I'm not sure now. When we looked at this before I was only checking
for crashes, but didn't check if there could be issues like where
the driver needed to do some cleanup in their aborted_task callout
but hasn't been doing it.
For example ibmvscsi's aborted_task callout won't crash because the
fields it references are ok for a IO or tmr se_cmds. It doesn't do
vio_iu(iue)->srp.tsk_mgmt or vio_iu(iue)->srp.cmd in the aborted_task
callout and just accesses the se_cmd and ibmvscsis_cmd. So we are ok
there.

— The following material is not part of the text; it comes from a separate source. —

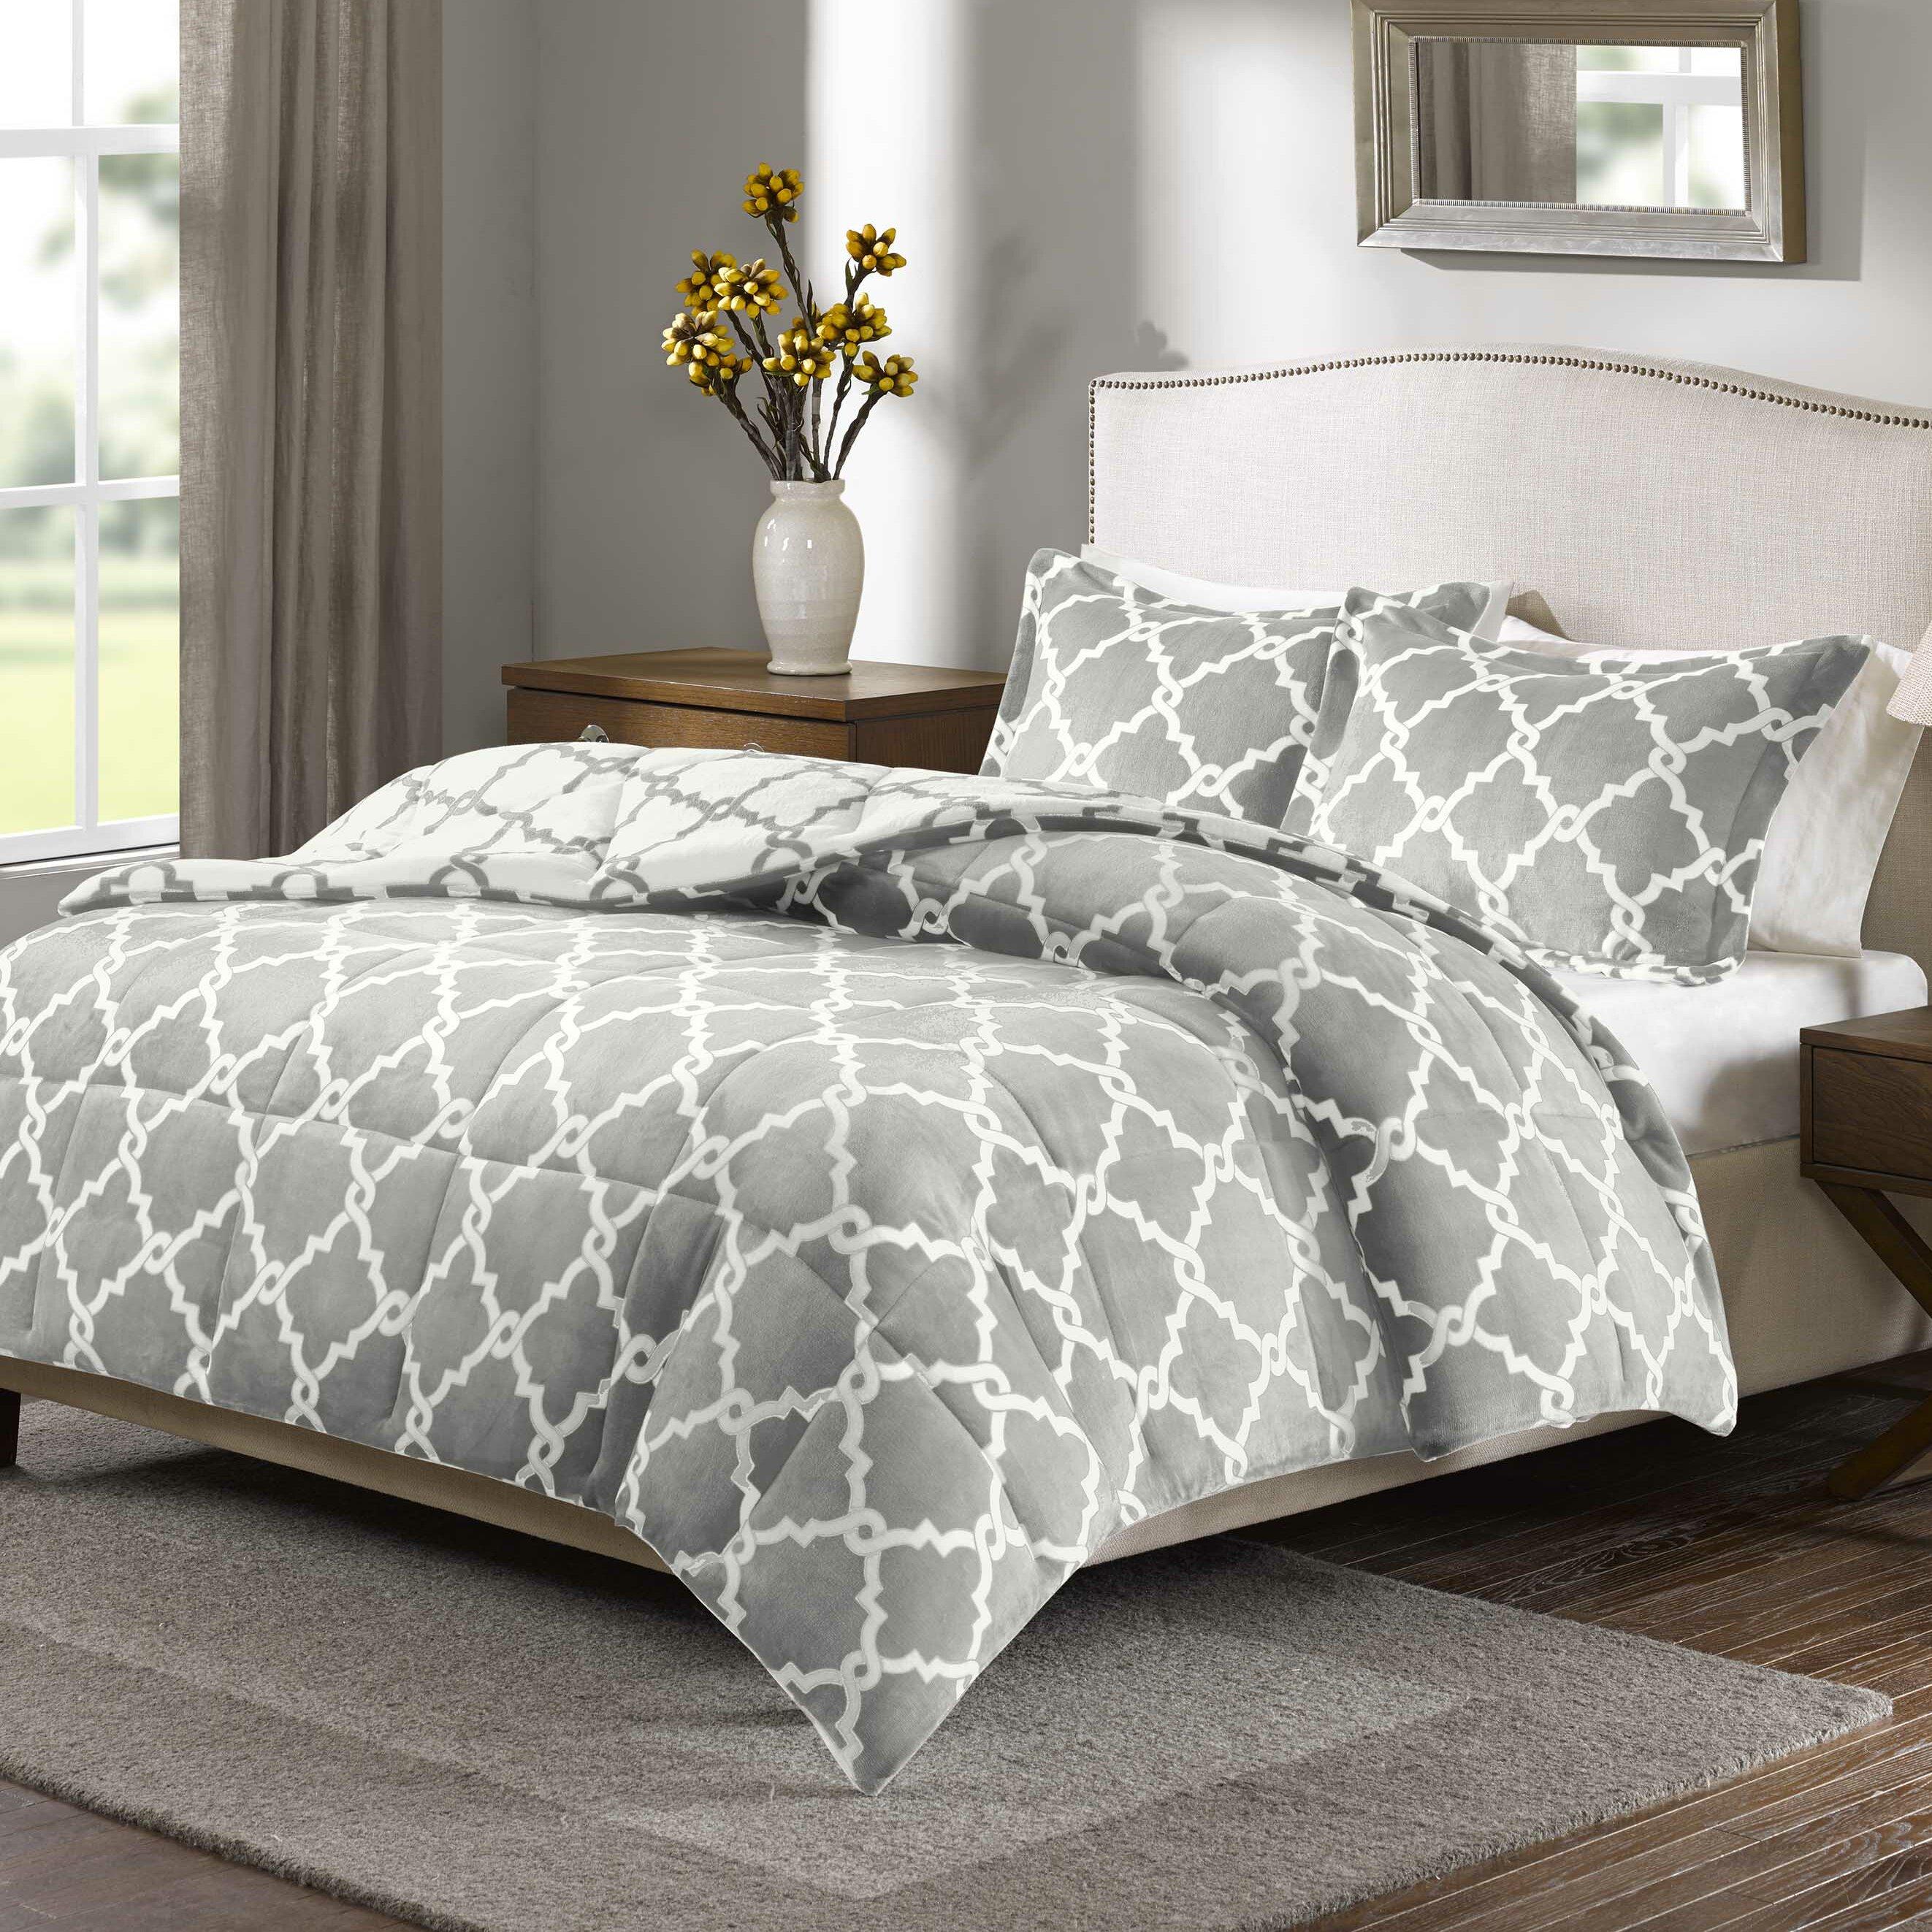 set comforter collectibles spring magnifier hallmart queen bed euro bedding w shams buy flower raw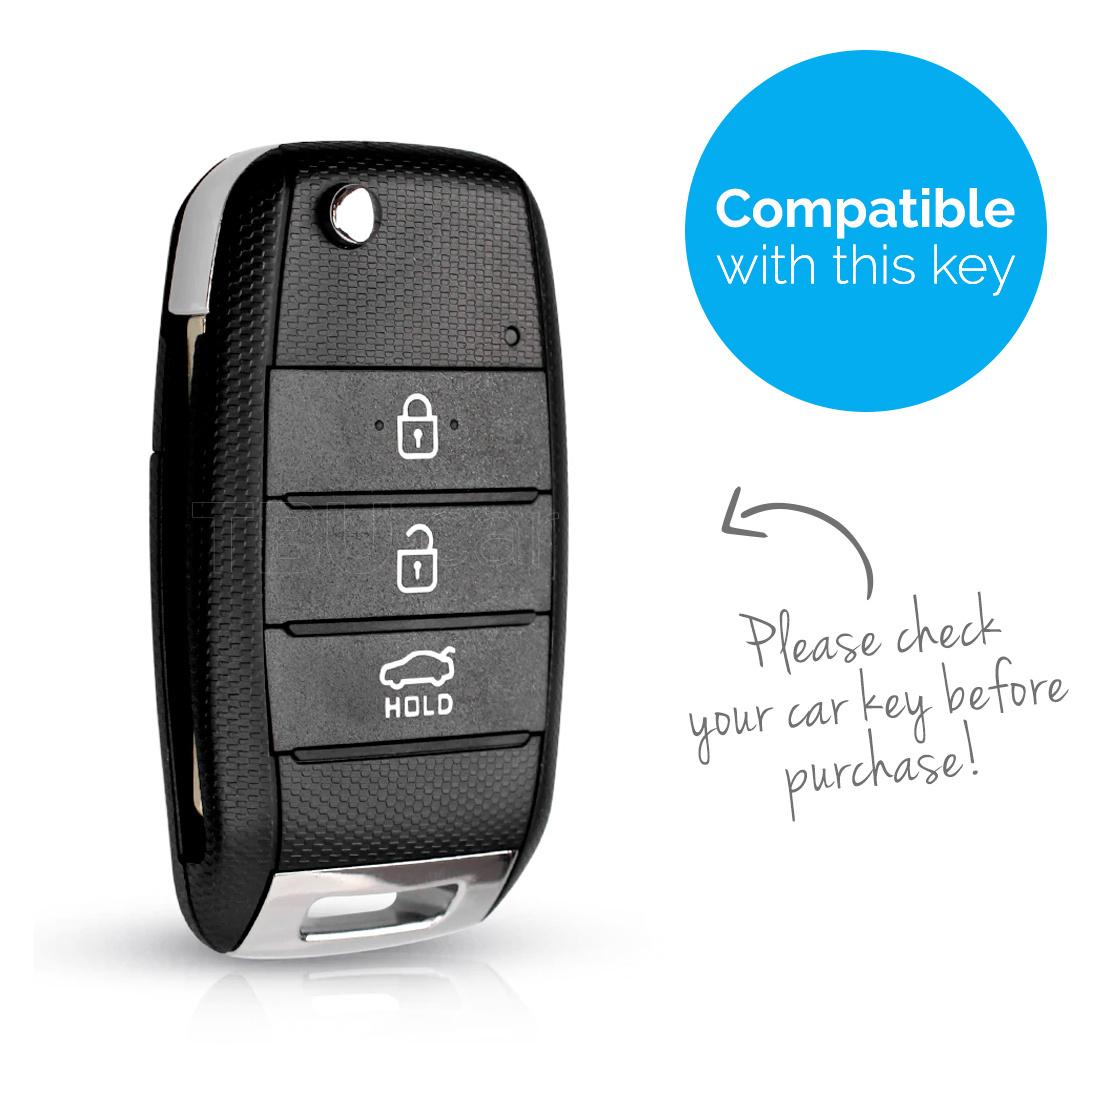 TBU car TBU car Autoschlüssel Hülle kompatibel mit Hyundai 3 Tasten - Schutzhülle aus Silikon - Auto Schlüsselhülle Cover in Blau

However, I didn't look at the driver to see if maybe it did need
to do some cleanup in the aborted_task callout and we just haven't
been doing it.
Same for the other drivers. I only checked if aborted_task would crash.
Also we have a new driver efct, so we need to review that as well.
Sorry I have very little knowledge of TCMU, but currently we have
some call traces stuck as below:
[811824.868078] task:kworker/u256:1 state:D stack: 0 pid:213661
ppid: 2 flags:0x00004000
[811824.868084] Workqueue: scsi_tmf_24 scmd_eh_abort_handler
[811824.868085] Call Trace:
[811824.868091] __schedule+0x1ac/0x480
[811824.868092] schedule+0x46/0xb0
[811824.868095] schedule_timeout+0xe5/0x130
[811824.868110] ? transport_generic_handle_tmr+0xb9/0xd0 [target_core_mod]
[811824.868112] ? __prepare_to_swait+0x4f/0x70
[811824.868114] wait_for_completion+0x71/0xc0
[811824.868118] tcm_loop_issue_tmr+0xbb/0x100 [tcm_loop]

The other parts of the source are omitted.